The imagery of Laing’s exit from the building makes clear that this contrast between inside and outside is the contrast between self and other. The walls of the high-rise are the new boundary separating Laing and his fellow residents from the world: No longer do their selves end at their skin. The outside becomes a threat to Laing—as he leaves the building he’s assaulted by the fresh air: “Laing remembered the stale air in his apartment, tepid with the smell of his own body. By comparison, the brilliant light reflected off the chromium trim of the hundreds of cars filled the air with knives” (120). The imagery of air filled with knives underlines the severity of the threat that the outside represents to Laing.

The other thing that makes the outside hostile is sunlight. When Laing steps outside he’s assaulted by the “brilliant light” (120). Even within the building, sunlight is a sort of pacifier that, by virtue of illuminating everything, discourages violence.
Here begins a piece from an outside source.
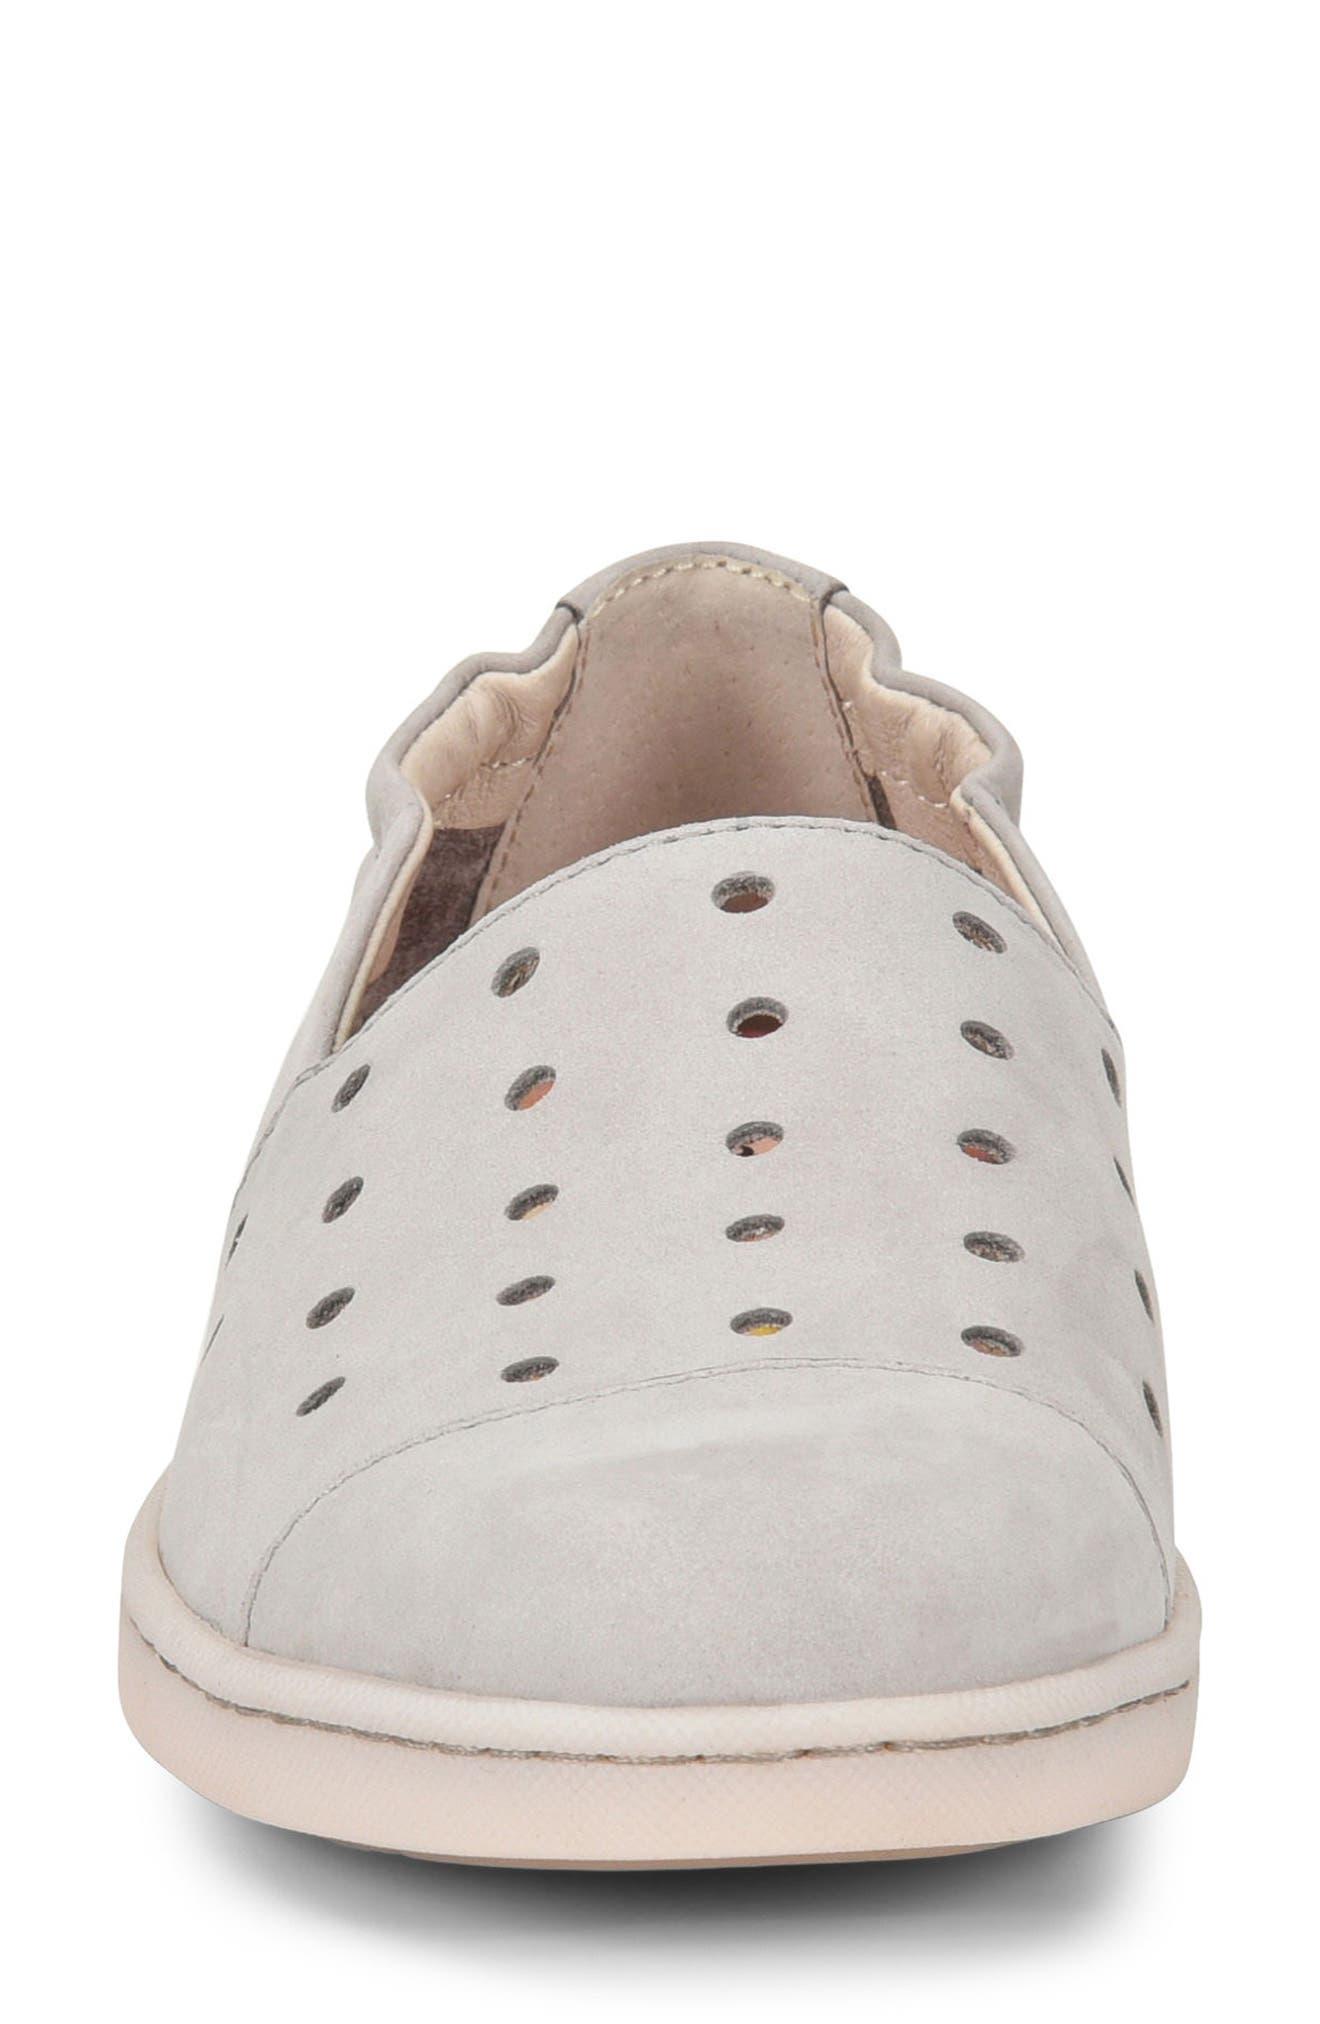 Kristin Sneaker,                             Alternate thumbnail 4, color,                             Light Grey Nubuck Leather
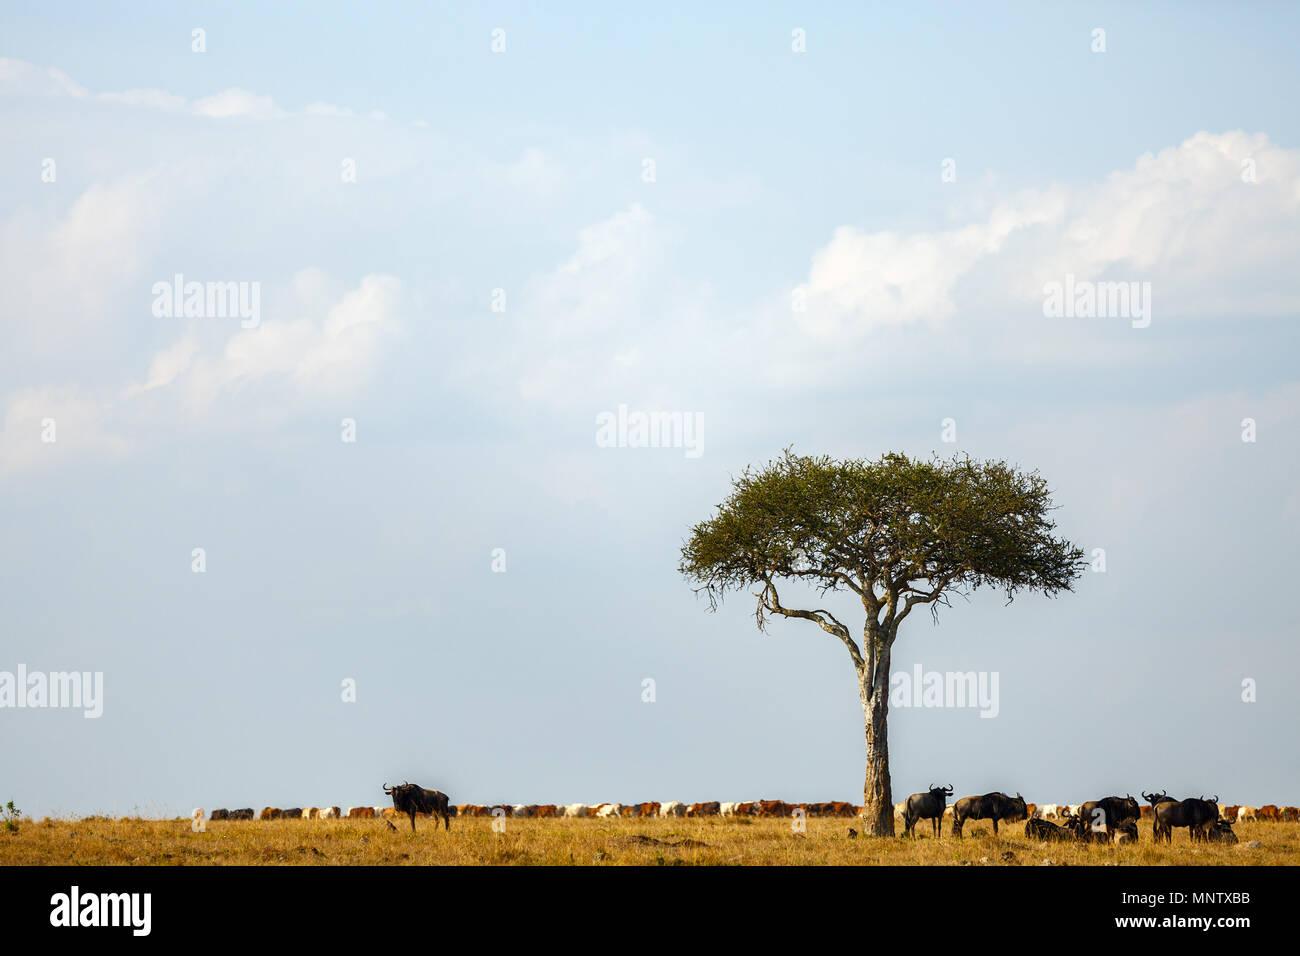 Wildebeests sotto alberi di acacia nel Masai Mara Kenya Immagini Stock

In contrast, the ubiquitous flash of polaroid cameras at night feeds the violence: “The true light of the high-rise was the metallic flash of the polaroid camera, that intermittent radiation which recorded a moment of hoped-for violence for some later voyeuristic pleasure” (115). This artificial light replaces the sun and everything it gives (life, bearing, vision), inaugurating a new order of life based not on nature but its absence: “What depraved species of electric flora would spring to life from the garbage-strewn carpets of the corridors in response to this new source of light? The floors were littered with the blackened negative strips, flakes falling from this internal sun” (115). As the metaphor of the internal sun suggests, this new order is an artificial one based on the landscape of the unconscious. External space becomes the domain of the mind.